#### [Problem requirements]
Could you restate the whole listing below word for word, minus the pictures?

#### [Data extract]
=== Section Start ===

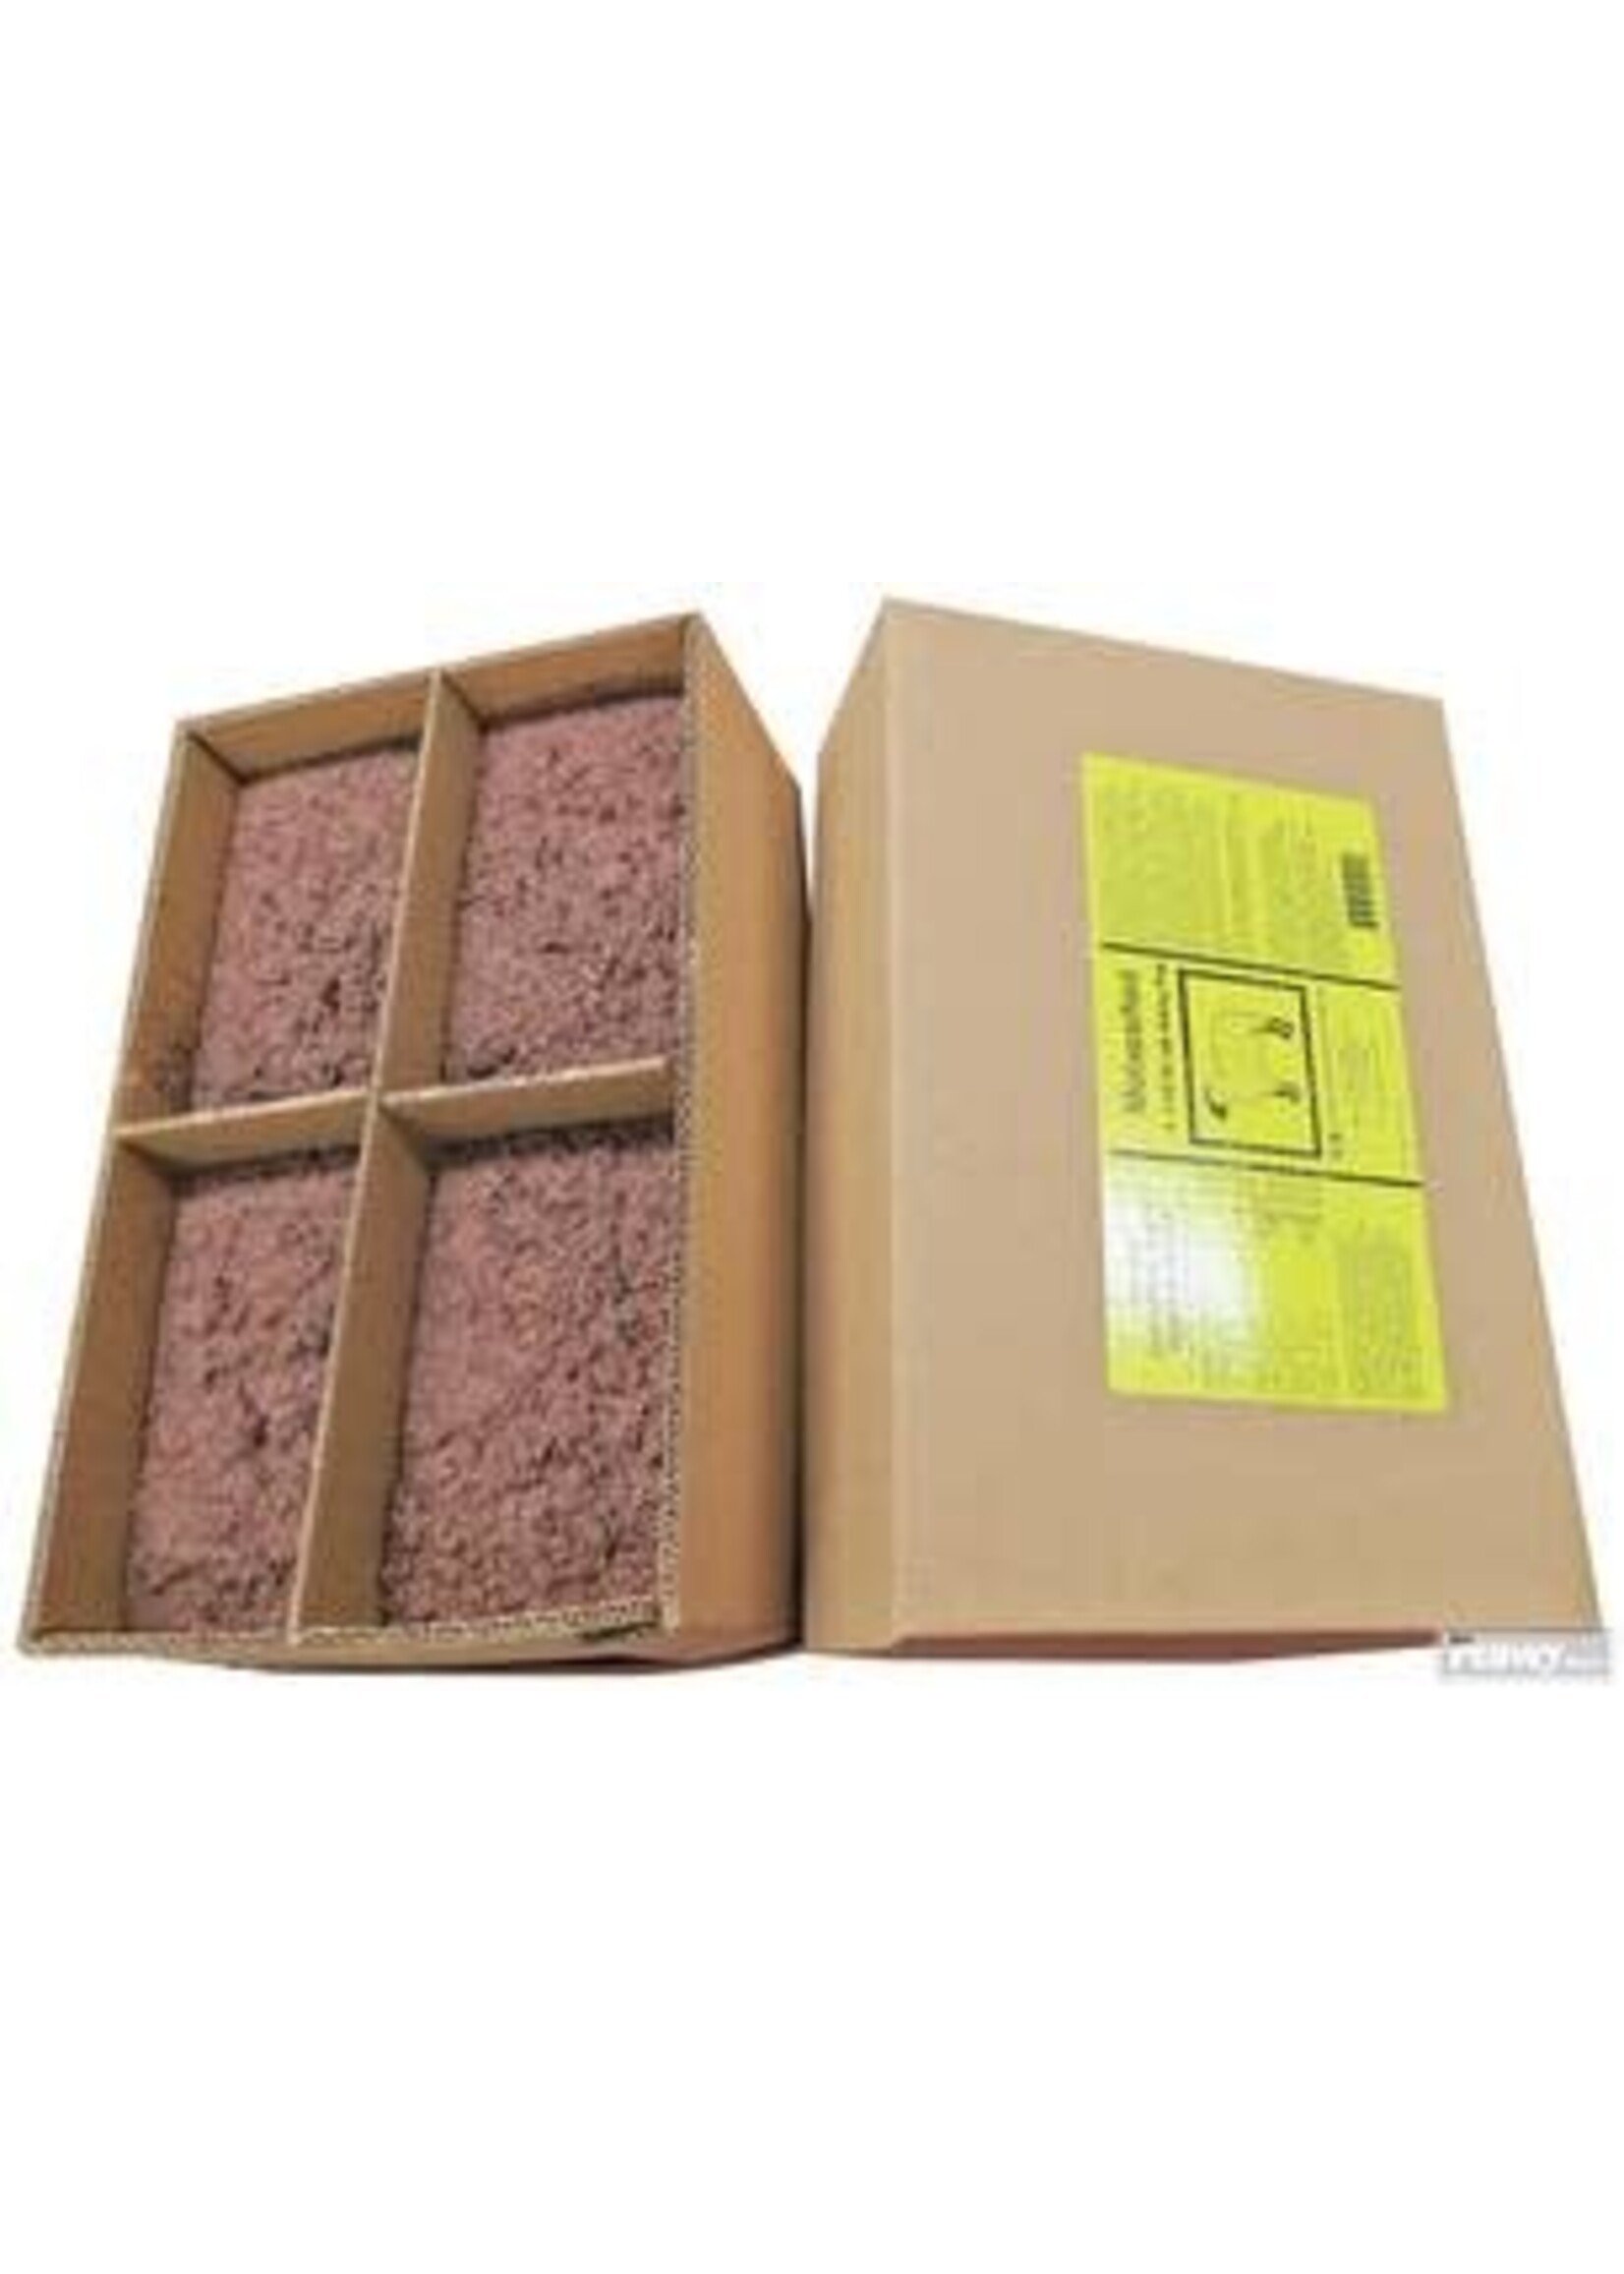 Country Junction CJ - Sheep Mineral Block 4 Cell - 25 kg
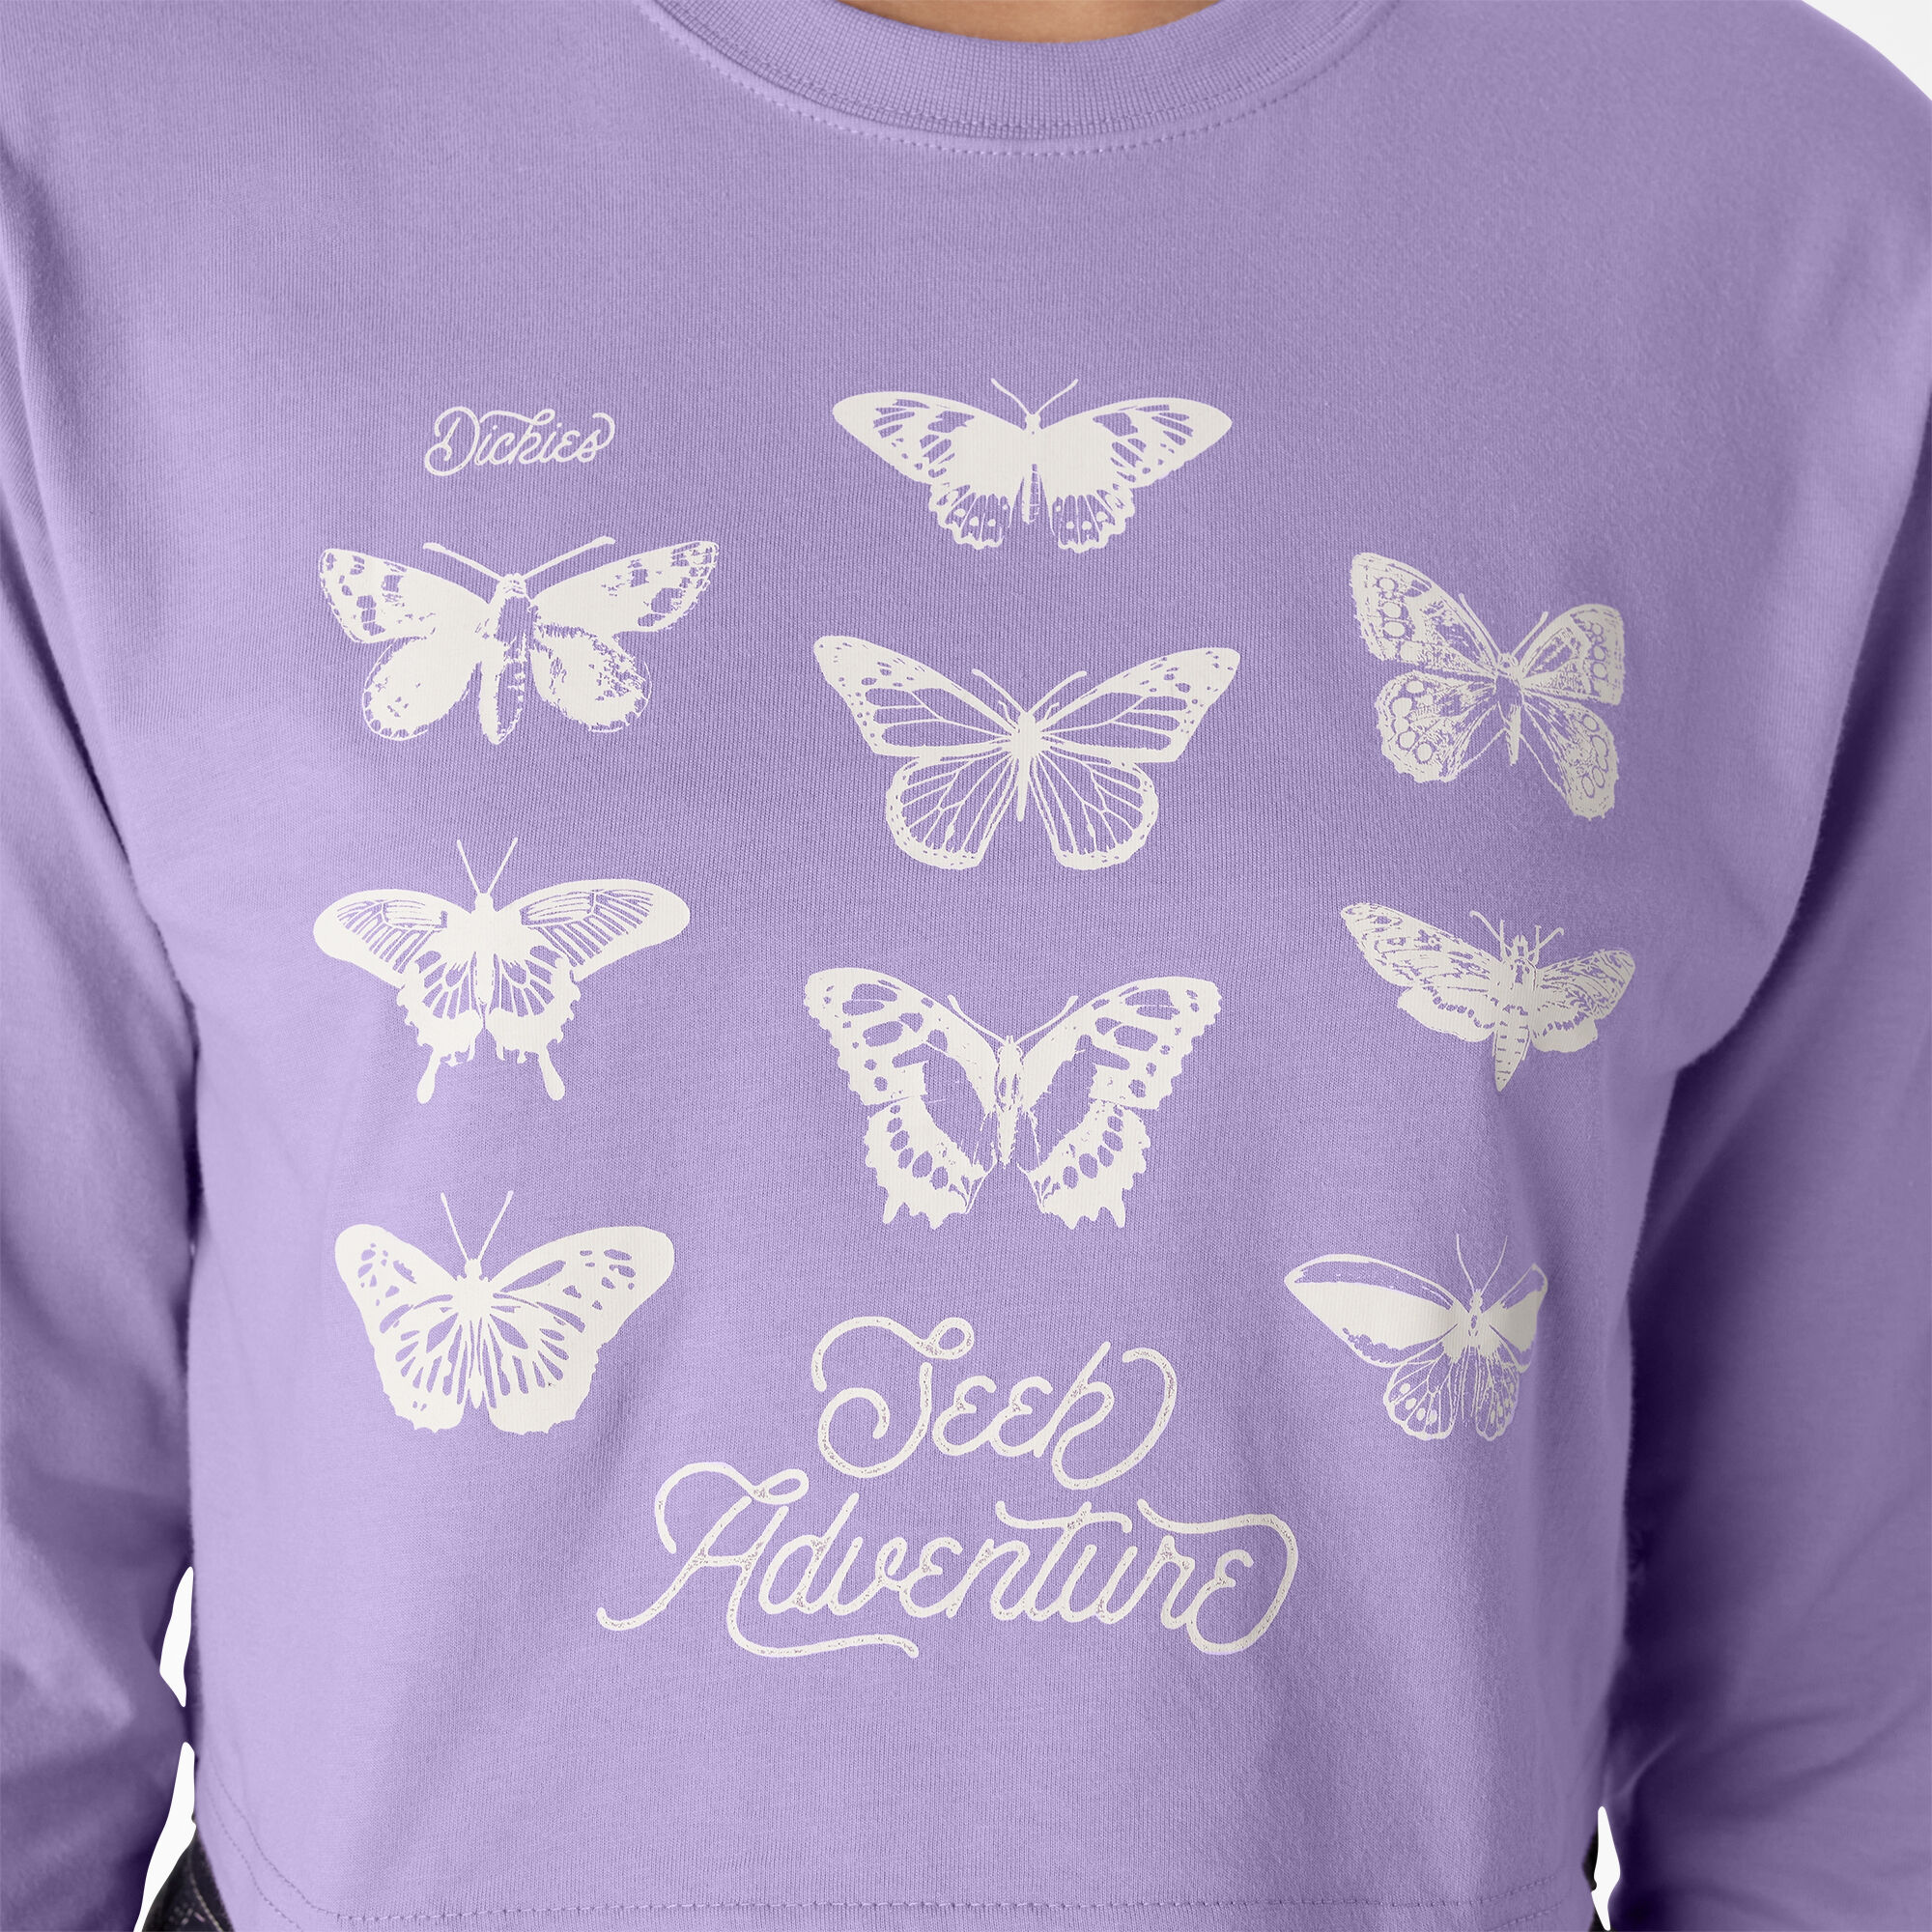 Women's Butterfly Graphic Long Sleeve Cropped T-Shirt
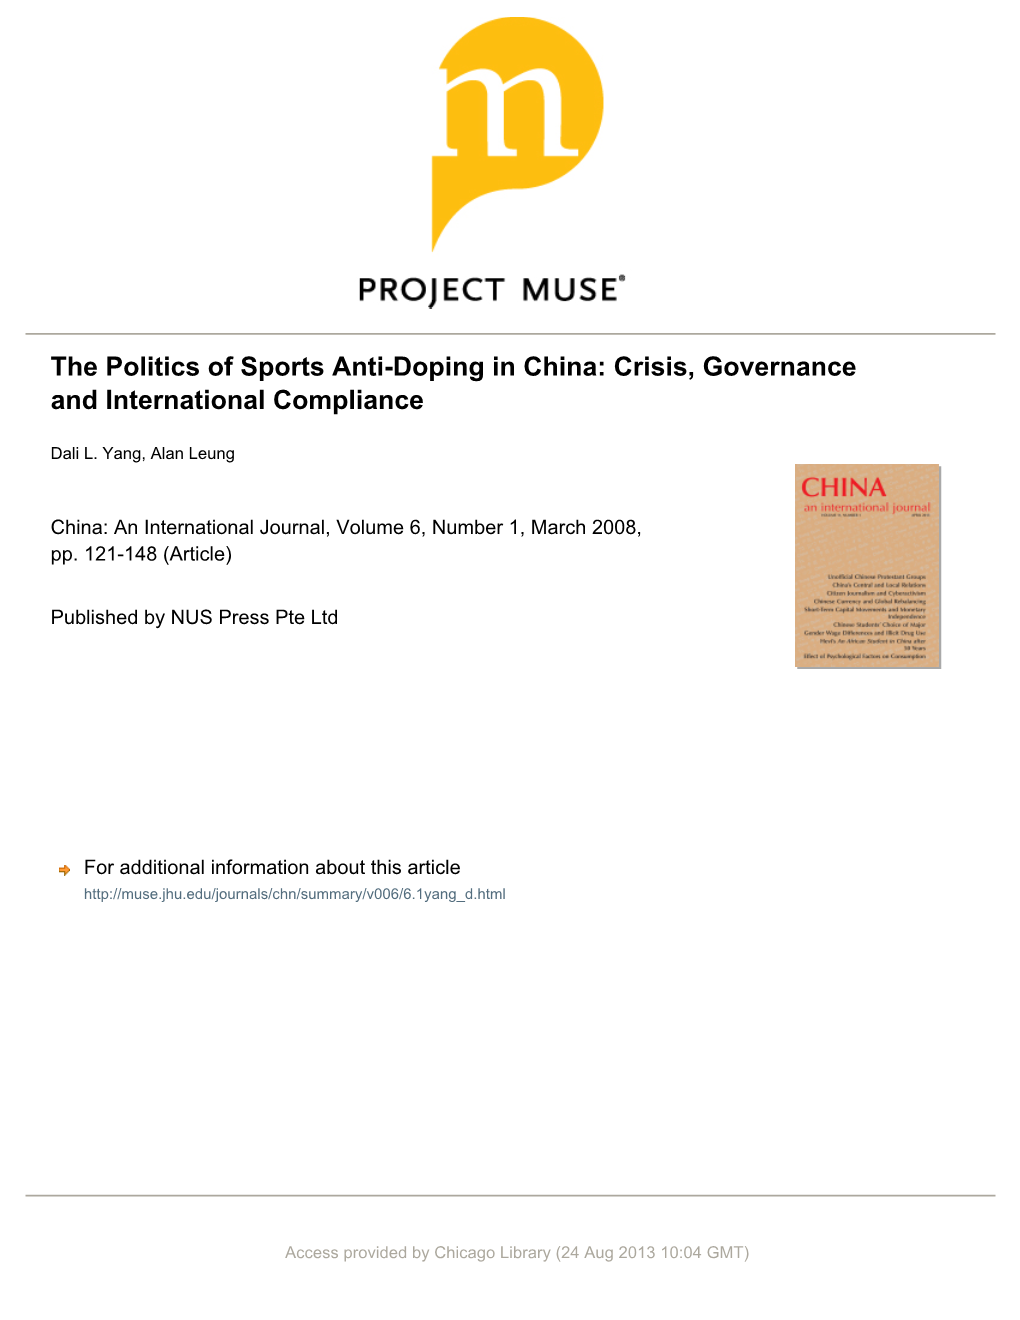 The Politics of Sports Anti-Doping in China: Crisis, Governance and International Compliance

=== Section End ===

#### [Your solution]
 Country Junction CJ - Sheep Mineral Block 4 Cell - 25 kg
 Women's Butterfly Graphic Long Sleeve Cropped T-Shirt
 The Politics of Sports Anti-Doping in China: Crisis, Governance and International Compliance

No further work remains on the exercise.